Error, sound composer for Miķelis Fišers’ “What Can Go Wrong”

Fišers’ unique characters populating the Latvian pavilion’s exposition at the 57th Venice Art Biennale, “What Can Go Wrong”, will resonate with the Biennale’s universal theme: to state and reinforce, from anew, the uniqueness of art as a territory; to protect art as an ideal place for both freedom and the finding of solutions to fundamental questions that are posed by the artist and viewer alike.

The 57th Venice Art Biennale will take place from 13 May 2017 to 26 November 2017.

The artist Miķelis Fišers (1970) has been creating his system of esoteric characters as a synthesis of opposites since the mid-1990s. It is with these characters that he has become a powerful social voice in Latvian contemporary art. In 2015 Fišers received the Purvītis Prize – Latvia’s highest award in the visual arts – for his solo show “Netaisnība” (“Unfairness”). Fišers’ works can be found in the Latvian National Museum of Art, the Kiasma museum of contemporary art in Finland, in the collection of the Latvian Museum of Contemporary art (currently under construction), and in the holdings of Latvia’s Ministry of Culture.

As for previous Biennales, the ABLV Charitable Foundation is the main supporter of the Latvian pavilion at the 2017 Venice Art Biennale.
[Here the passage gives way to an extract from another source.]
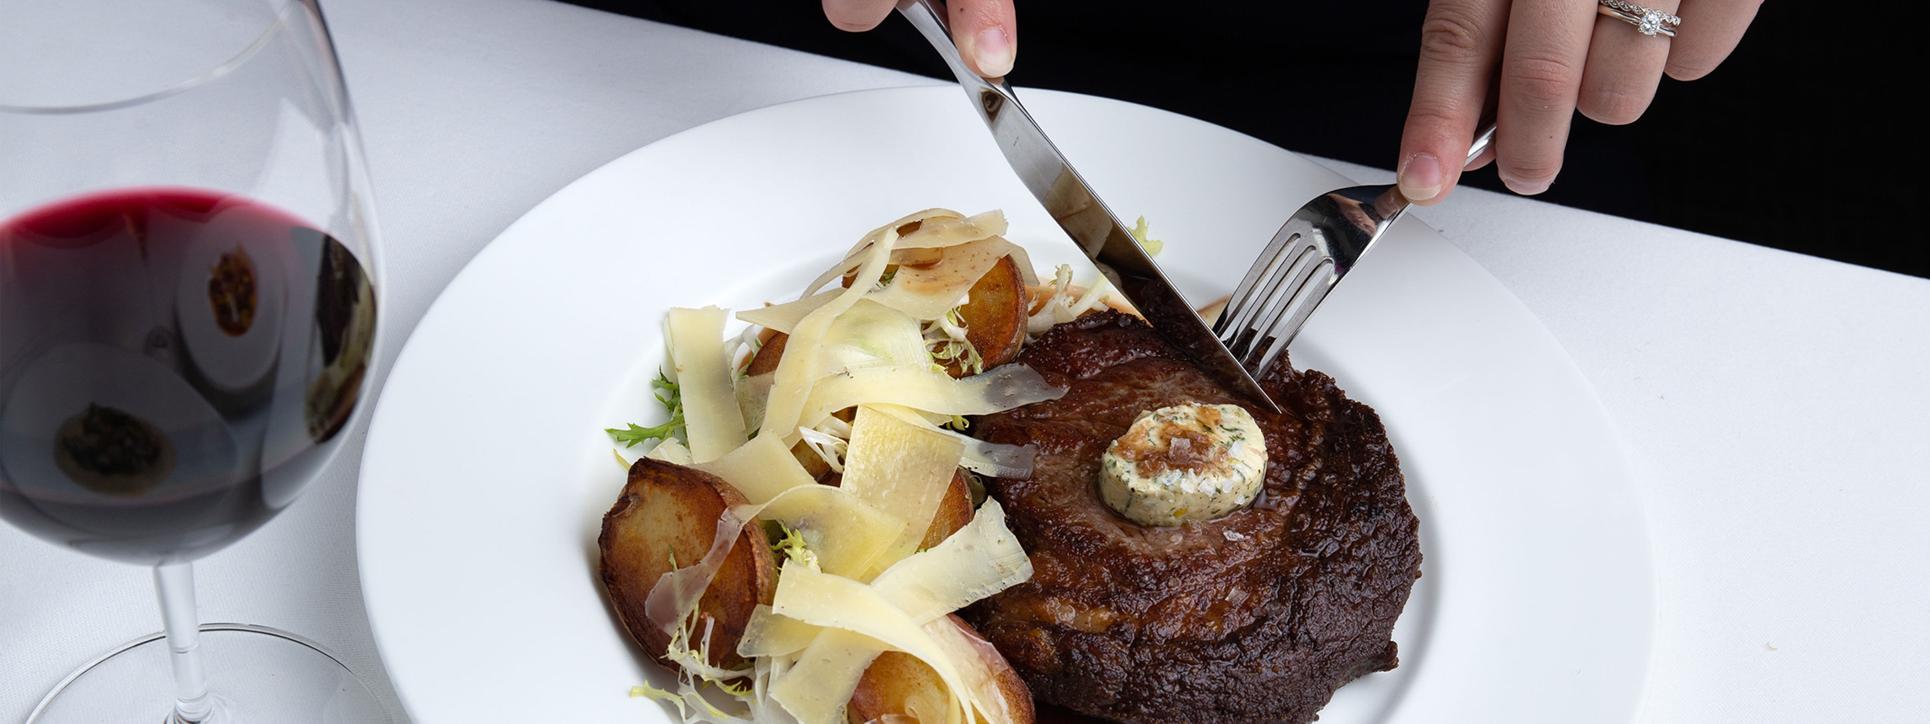 Steak - The Courtney Room - Victoria Restaurants

Curator of the Latvian pavilion: Inga Šteimane
Commissar of the Latvian pavilion: Daiga Rudzāte
Producer: the Cultural Project Agency INDIE

The Cultural Project Agency INDIE was established in 2007. To date, its largest projects in the field of the visual arts are: the highest and most prestigious visual arts award in Latvia, the Purvītis Prize (in cooperation with the Latvian National Museum of Art, and SIA “Alfor”, patron of the Purvītis Prize); Latvia’s exposition at the 54th Venice Art Biennale, “Mākslīgais miers (Laikmetīgā ainava)” / “Artificial Peace (The Contemporary Landscape)” (2011), by Kristaps Ģelzis; the exhibition “Ornamentalism. The Purvītis Prize. Latvian Contemporary Art”, which was organized as part of the program for diplomacy and culture during Latvia’s presidency of the Council of the EU, and which was selected as a participant in the official Satellite Program of the 56th Venice Art Biennale (2015).